One impetus for studying curli fibrils was the possibility that uniformly ¹⁵N,¹³C-labeled CsgA would exhibit exceptionally sharp, well resolved solid state NMR lines, which would facilitate full structure determination as demonstrated previously for HET-s(218–289) fibrils (38, 39). The functional nature of curli fibrils suggests that the CsgA and CsgB sequences are evolved to adopt specific molecular structures without the structural variations or polymorphism observed in fibrils formed by Aβ, amylin, and yeast prion proteins (for reviews, see Refs. 35, 50, and 52). A single molecular structure without internal disorder might then be expected to result in sharp solid state NMR lines. The two-dimensional solid state NMR spectra in Figs. 8 and 9 do not support this expectation. Thus, the observation of exceptionally sharp solid state NMR lines in HET-s(218–289) fibrils (and in fibrils formed by a truncated version of mammalian prion protein (41)) may not be solely a consequence of an evolved biological function. Instead the solid state NMR line widths may also be affected by lateral association of fibrils (or the absence thereof), by the amplitudes and time scales of internal molecular motions, or by other factors not yet identified.

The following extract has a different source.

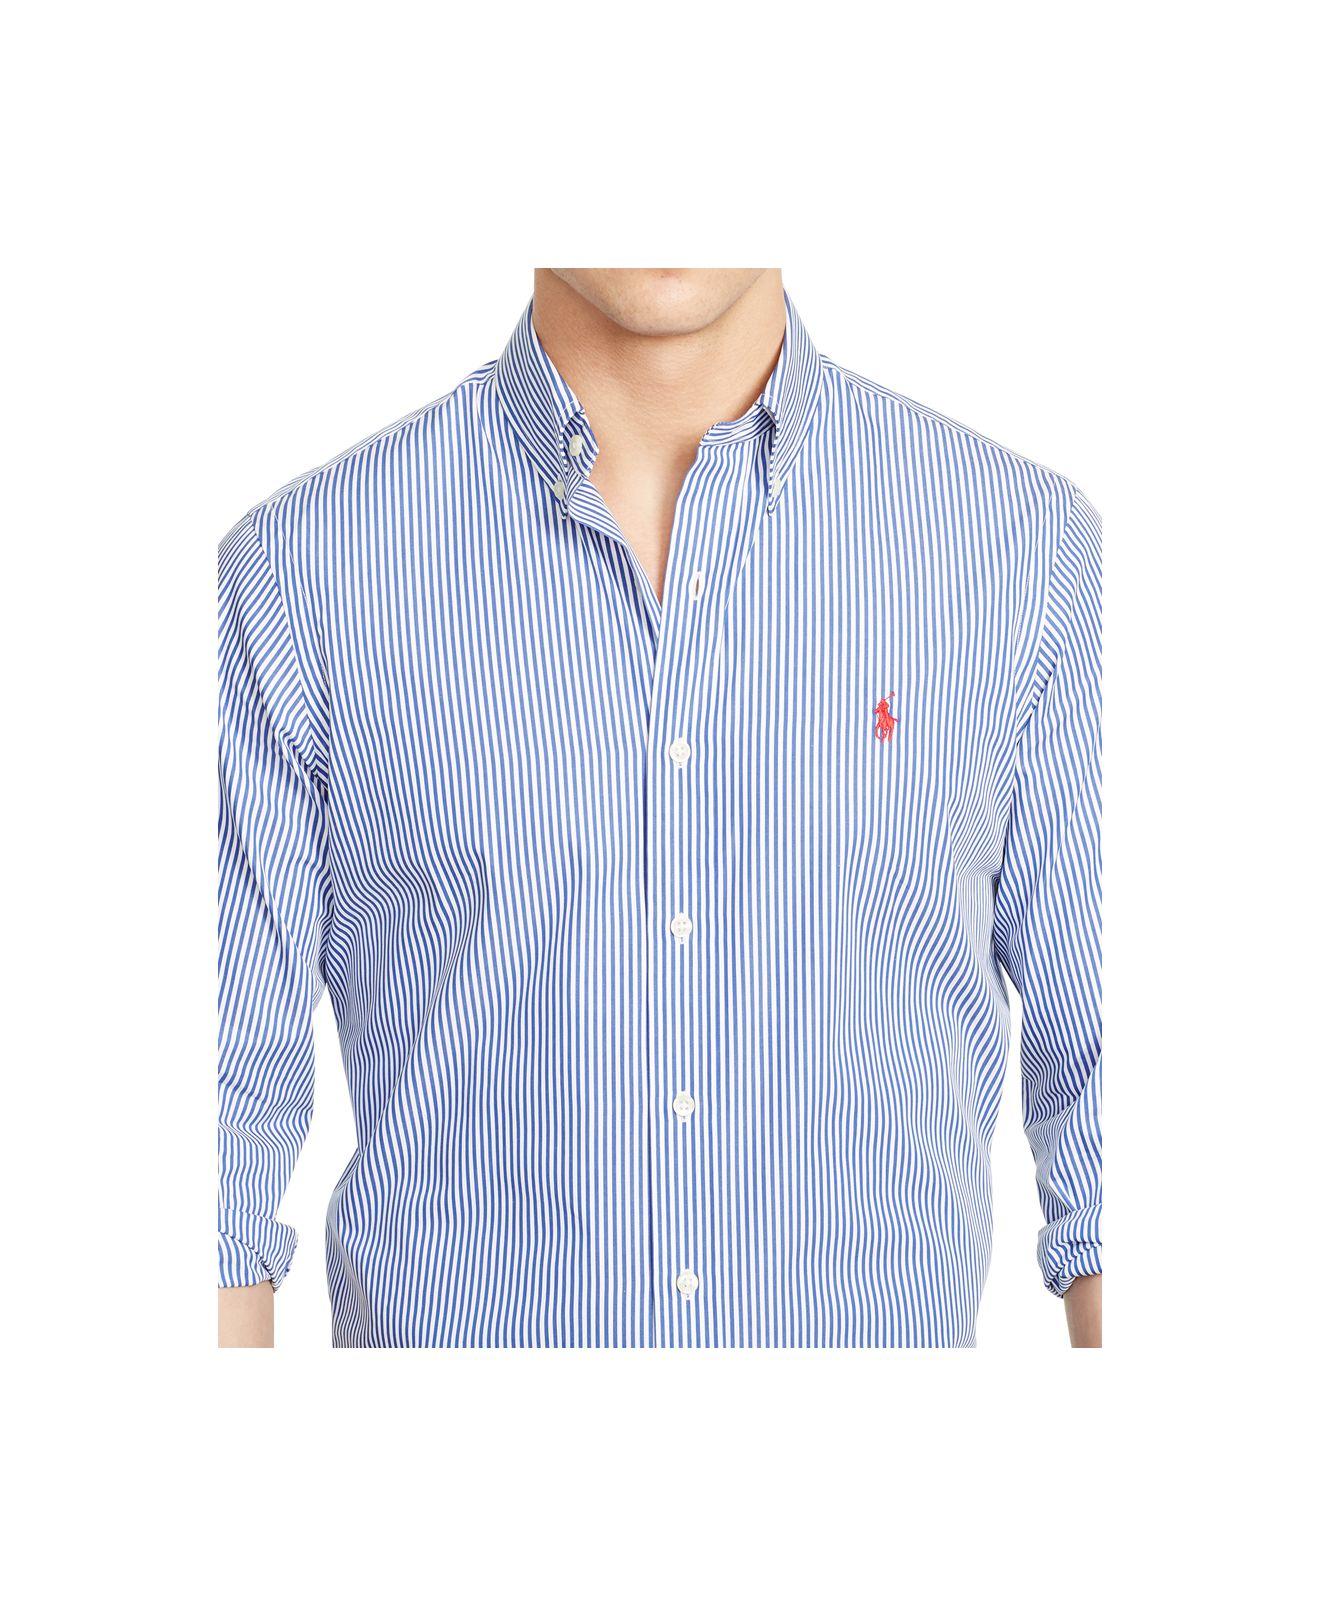 38d600c161184 ... norway lyst polo ralph lauren slim fit striped poplin shirt in blue for  men bbb77 17687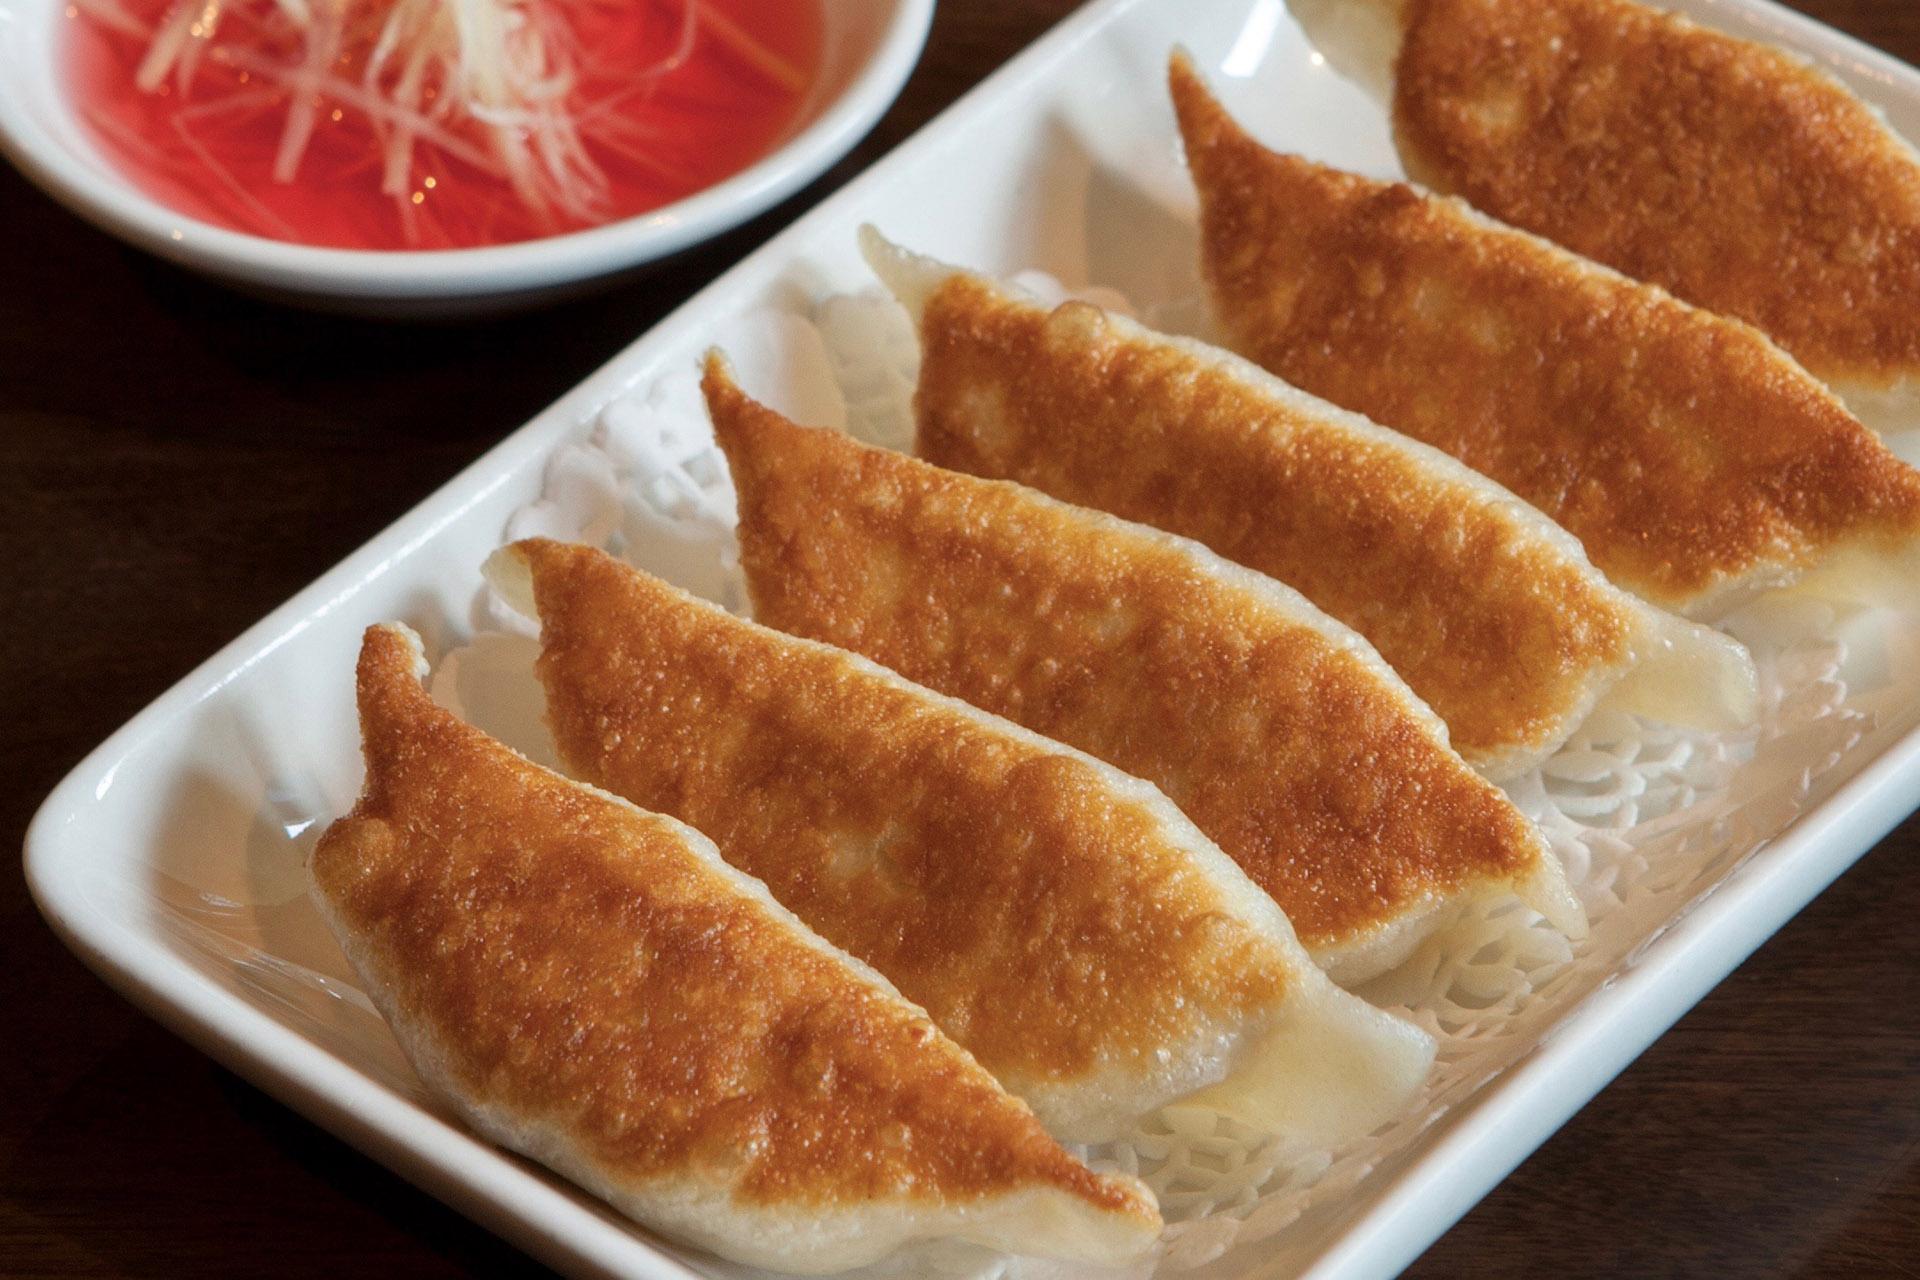 Pan Fried Pork Dumplings [6] at Lee Chen Asian Bistro

The definition of amyloid includes several architectures with cross-β-strands as a common feature. Functional amyloid may represent the cell's adoption of a pathology to do useful work, but there may prove to be a general structural distinction between pathologic and functional amyloids. The in-register parallel structure of yeast prions and amyloids is compatible with the existence of prion variants (for a review, see Ref. 53) and amyloid variants (26), but a functional amyloid probably should have only one structure.